Николь не поняла, что он имеет в виду. По ее мнению, люди или отдыхают, или работают. Смешивать одно с другим на жарком юге вряд ли было возможно. Все население Майами делилось на две почти равные части. Приезжие, которые спешили удовлетворить свои капризы и причуды, лелеемые в течение года непрерывной работы. И местные жители, которые в большинстве своем обслуживали тех, кто отдыхал.
Персонал отелей, баров, дансингов, ночных клубов и прочих заведений курорта делал это двадцать четыре часа в сутки, чтобы сколотить небольшое состояние или хотя бы жить сносно по меркам Майами. При этом каждый из них, начиная с мальчика на парковке автомашин и заканчивая служащими высшего звена, мечтал когда-нибудь превратиться из того, кто обслуживает, в того, кого обслуживают.
Сама Николь составляла редкое исключение из этого правила, поскольку не относилась ни к тем, ни к другим. В настоящее время она нигде не работала, но ее времяпрепровождение нельзя было назвать отдыхом. Все те месяцы, что находилась под южным солнцем, Николь ухаживала за безнадежно больным отцом. Ради него она бросила неплохую работу в Нью-Йорке, друзей, Роджера и квартиру. Слишком мало времени осталось на общение с последним родным человеком, чтобы Николь могла оставаться вдали от него.

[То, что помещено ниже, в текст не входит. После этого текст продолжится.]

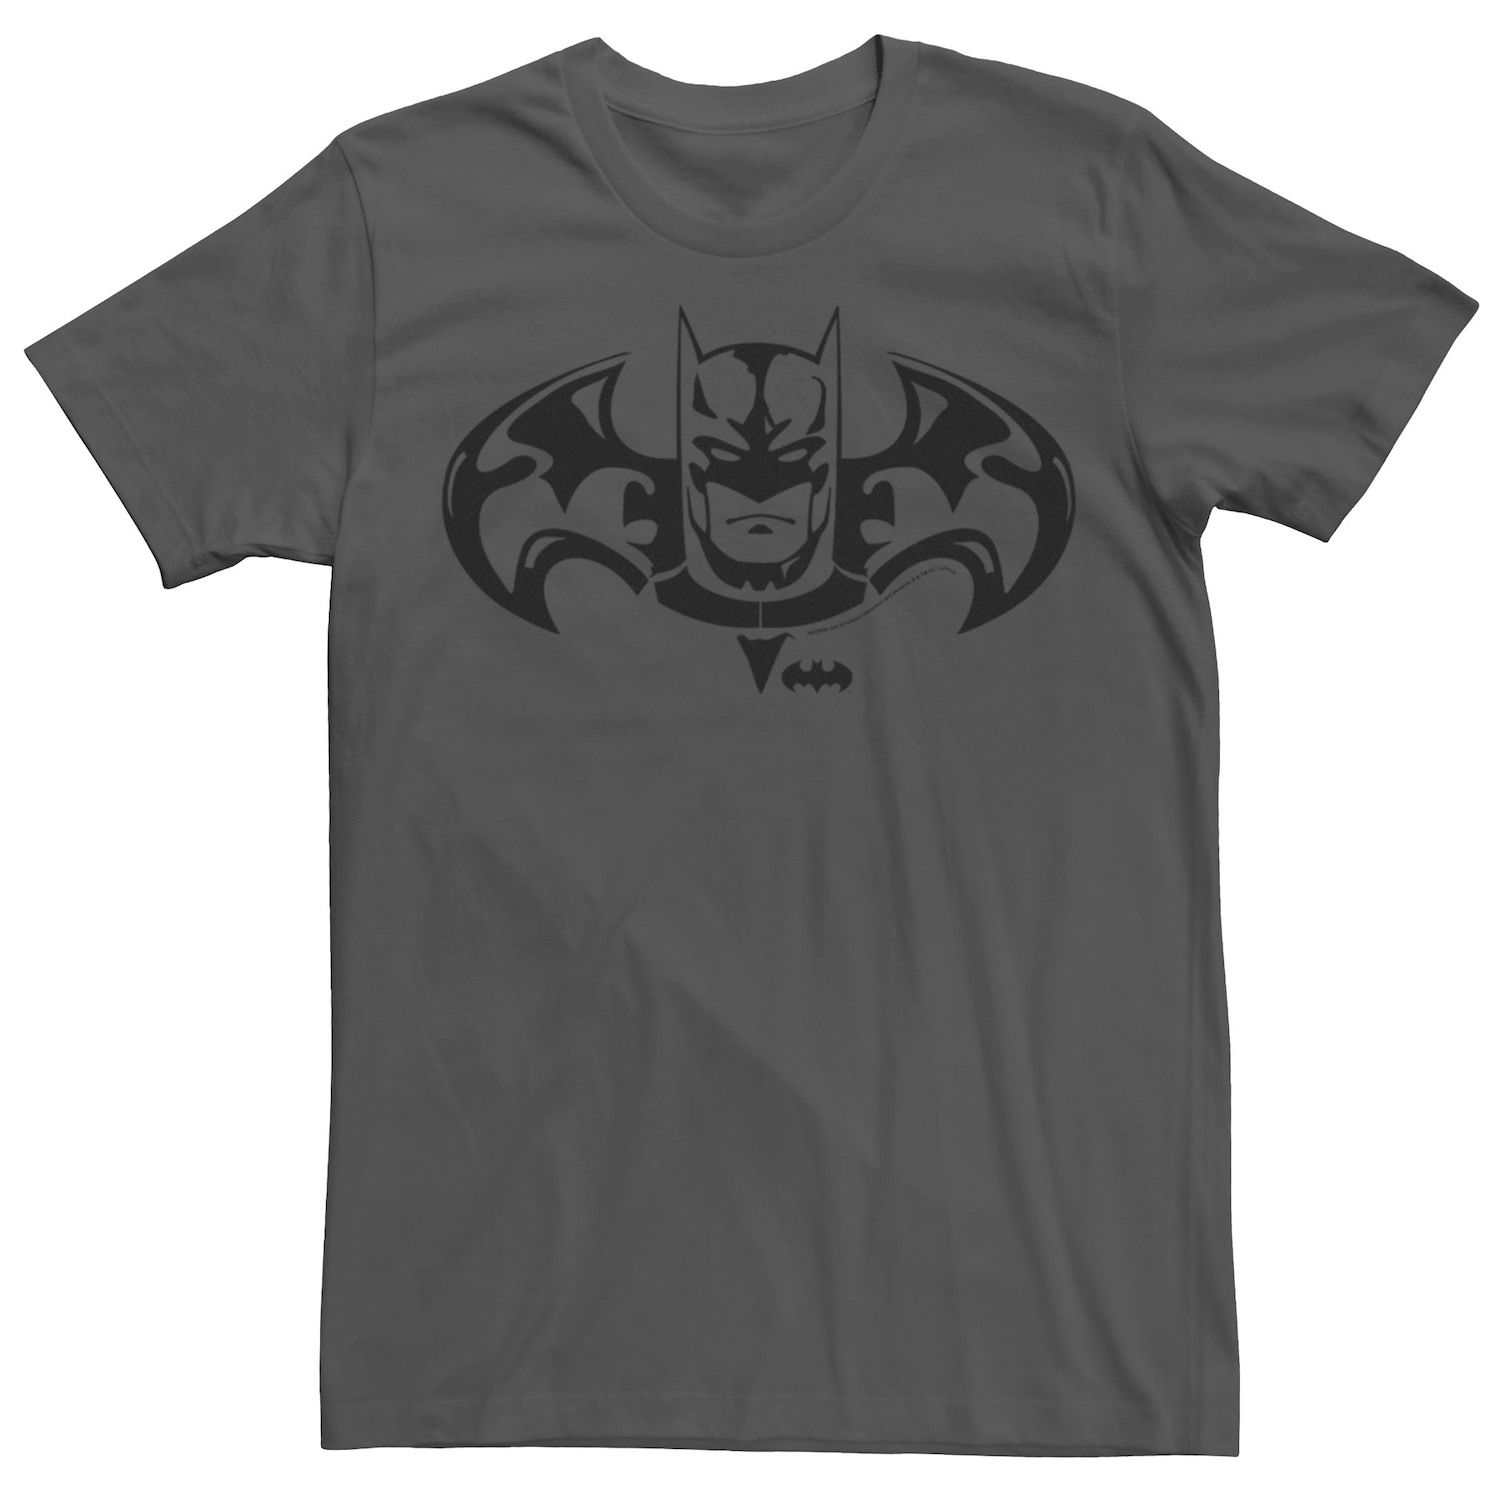 Мужская футболка с логотипом DC Fandome Batman Ink Licensed Character

Уильяма Портера терзала страшная болезнь, и дочь постоянно находилась теперь рядом с ним. Только иногда, когда становилось совсем невмоготу и хотелось выплакаться в одиночестве, она прибегала к помощи соседки.
Пожилая женщина готова была присматривать за отцом Николь безо всякой платы: ведь они прожили рядом несколько лет и всегда хорошо относились друг к другу. Уильям даже иногда подстригал соседке газон.
Но Николь не могла позволить миссис Нортон бескорыстно помогать ей. Финансовые дела соседки были не так уж хороши. К тому же ее дочь Джину недавно бросил муж, и теперь миссис Нортон приходилось заботиться не только о себе, но и о дочери, и о маленьком внуке.
Всю прошлую ночь Николь просидела у постели отца, которому три дня назад стало совсем плохо. Конец был уже близок — это мог сказать даже неспециалист в медицине. Однако вопреки очевидному Николь продолжала уверять больного, что тот вскоре поправится. Отец не верил дочери, но и не спорил с ней, поскольку не хотел еще больше ее расстраивать. День ото дня он все больше слабел и таял буквально на глазах. Николь измучилась смотреть на его страдания и была близка к отчаянию.
Наступил момент, когда она могла разрыдаться прямо у постели отца. Ей просто необходима была краткая передышка. Поэтому она с благодарностью приняла предложение миссис Нортон отпустить ее на сутки. Завтра утром они истекали. Николь должна была вернуться домой до полудня и надеялась, что это ей удастся.